Postby ella_b » Wed Apr 25, 2012 8:12 pm

Wow, I'm just reading all of these replies now - I'm not sure why I didn't get a notification about them but either way it's awesome to come back to this post almost 3 years later!!

Thankfully I can say that things have really improved for me. I can't pinpoint exactly what caused my improvements, but I will try and explain some of the changes I have made in hopes of helping anyone else out there. First of all I would recommend reading the book "The Power of Now" by Eckhart Tolle.
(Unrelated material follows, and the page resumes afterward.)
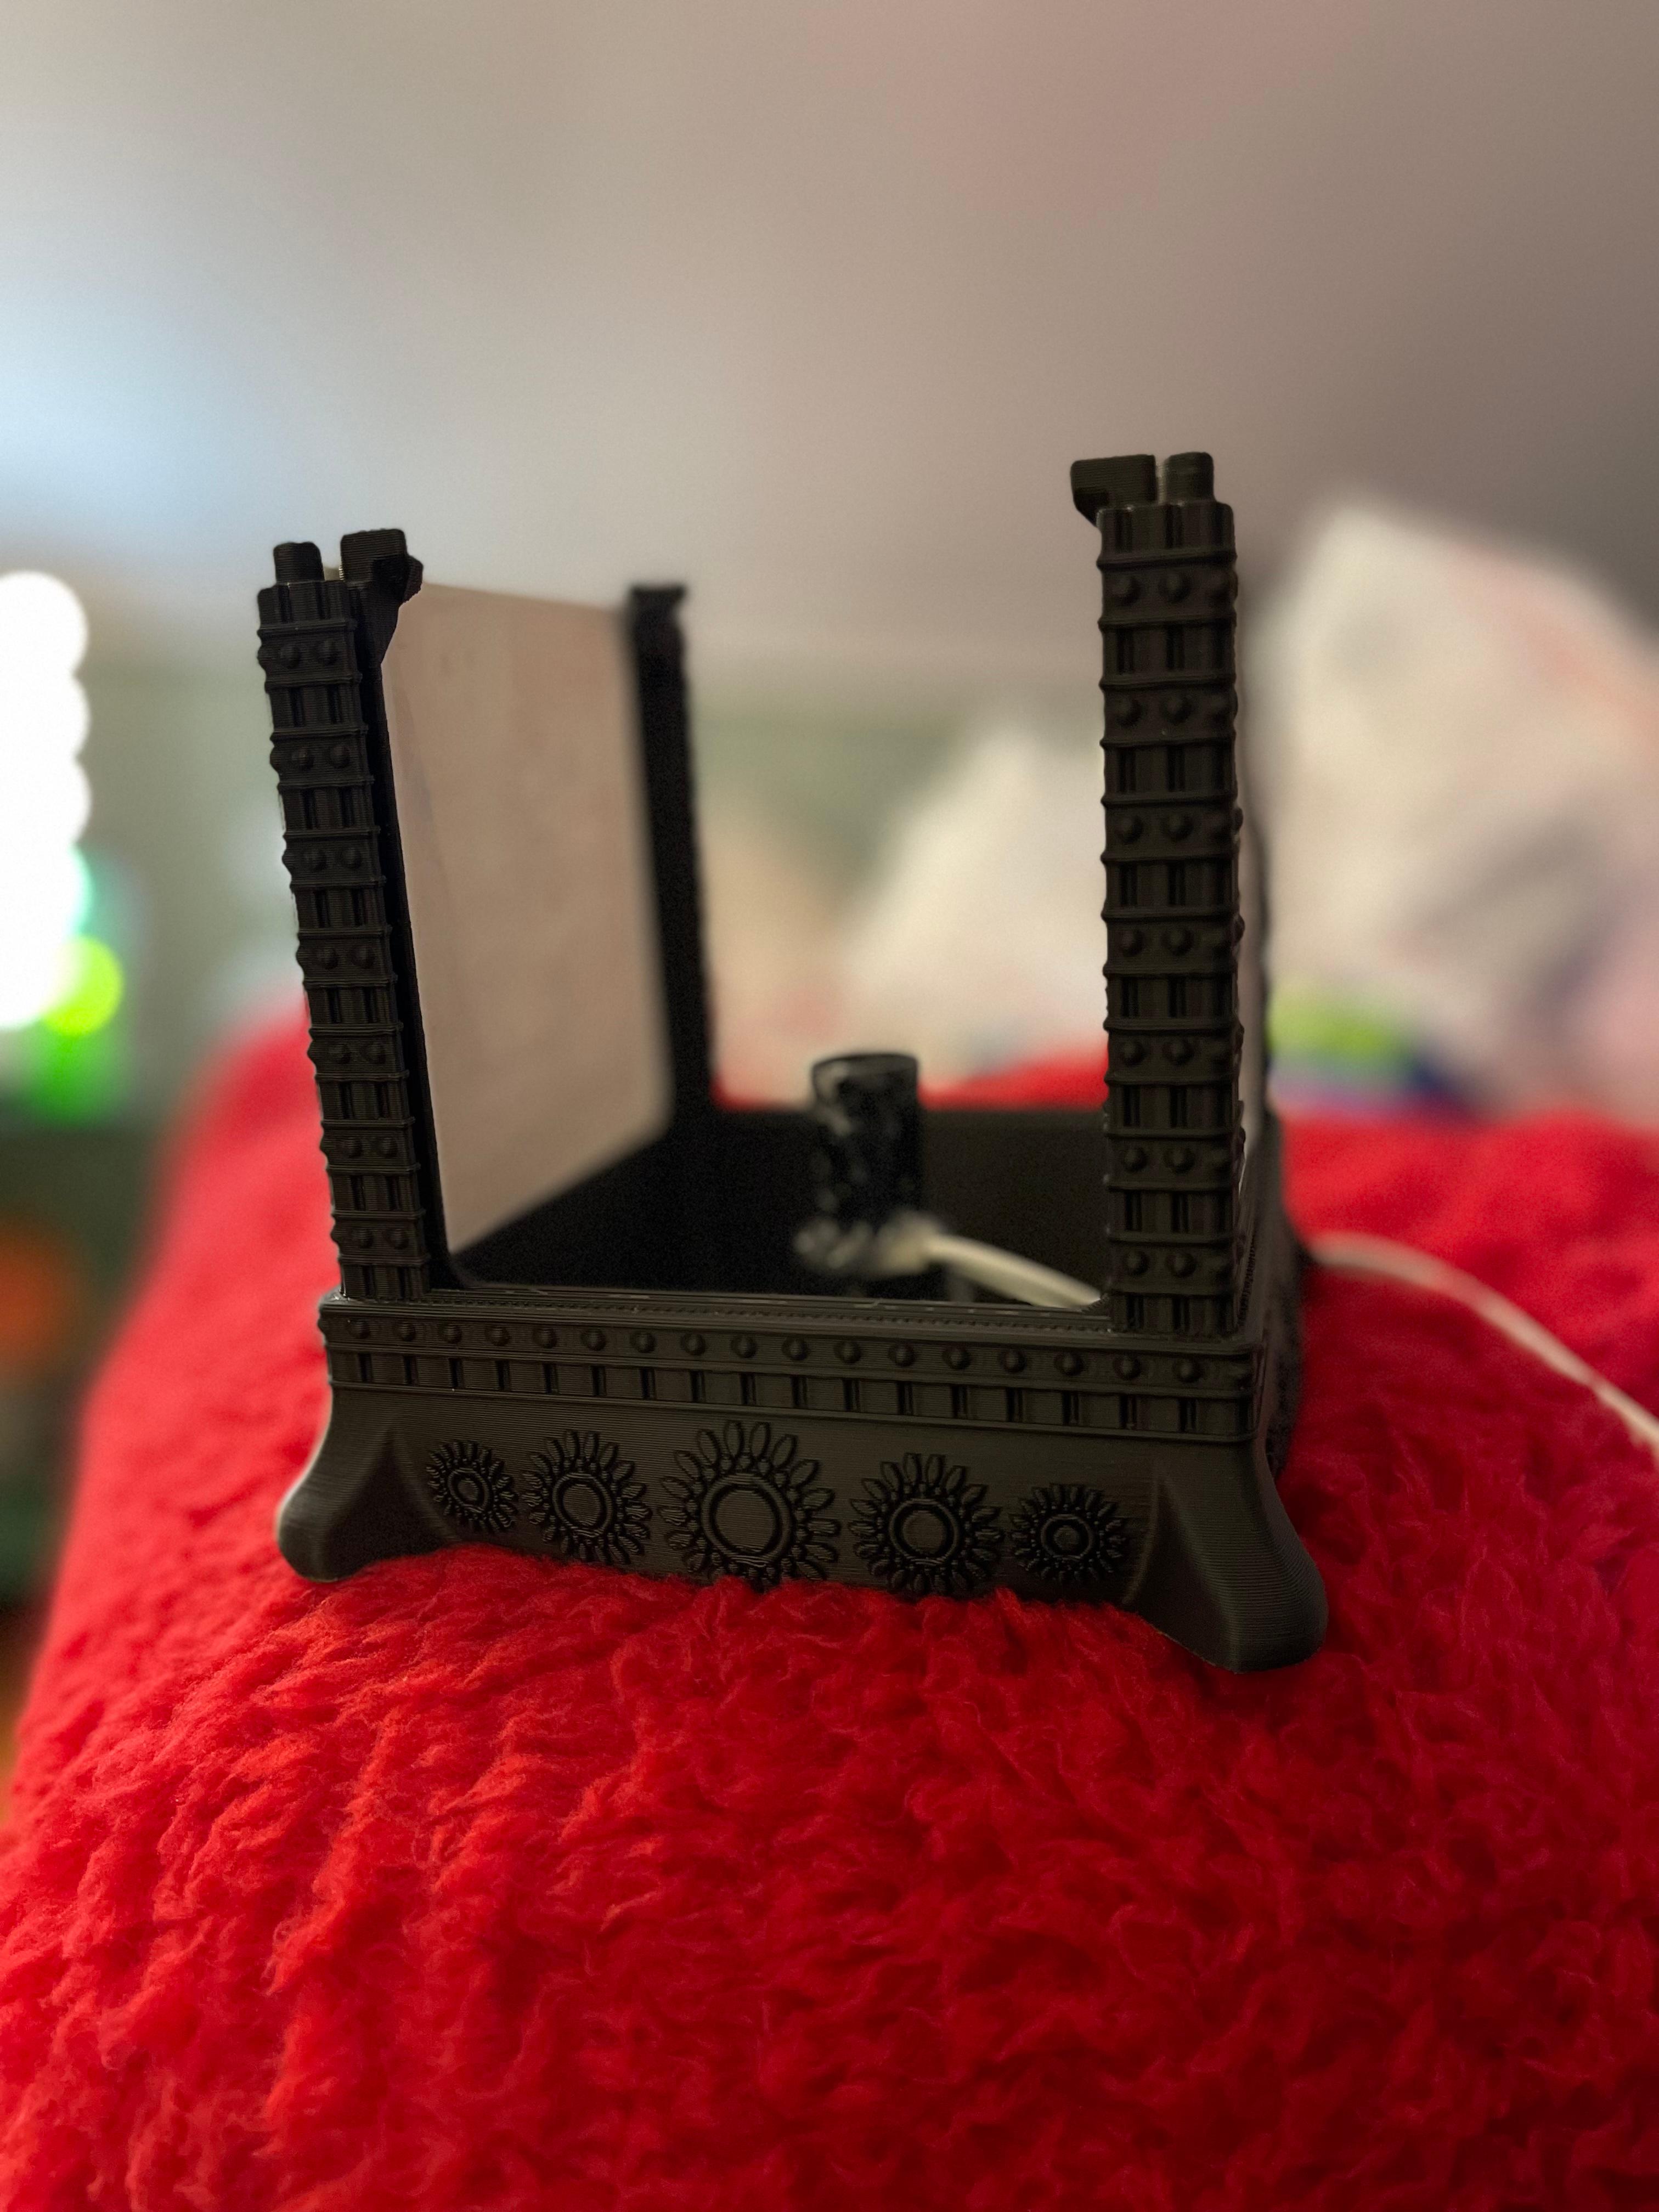 Gothic Lithophane Light - Printed great. 220° hot end 60° bed. Bought ZIRO matte black filament last minute from Amazon and it looks amazing. Need to re print lithos slower, it was a last minute gift! Thanks for the design!! - 3d model

It talks a lot about the negative mind, which it refers to as the "ego" and how we can listen to the ego and acknowledge it without buying in to what it's telling us. I've learned to control my thoughts a lot more, and just live in the moment instead of trying to predict and plan every situation I will face in the future. It may help that I'm single now, although it's only been under 6 months since my last relationship. But I'm currently really embracing being single, focusing on bettering myself before I can be in a relationship. Reading inspirational quotes also really helps me on a daily basis, the website tinybuddha (dot) com is a great resource for quotes and articles about positive thinking and living in the moment. Buddhism in general is very connected to living in the moment and freeing yourself from negative thoughts. Although I wouldn't consider myself a Buddhist, I definitely look to quotes and teachings to help me on a regular basis. Lastly, I have been slowly weaning myself off of Effexor. I am currently down to 37.5mg, and when I wrote this post I think I was at 150mg. So if you are on medication I would suggest you consider lowering your dose, or changing the drug because different things work for different people.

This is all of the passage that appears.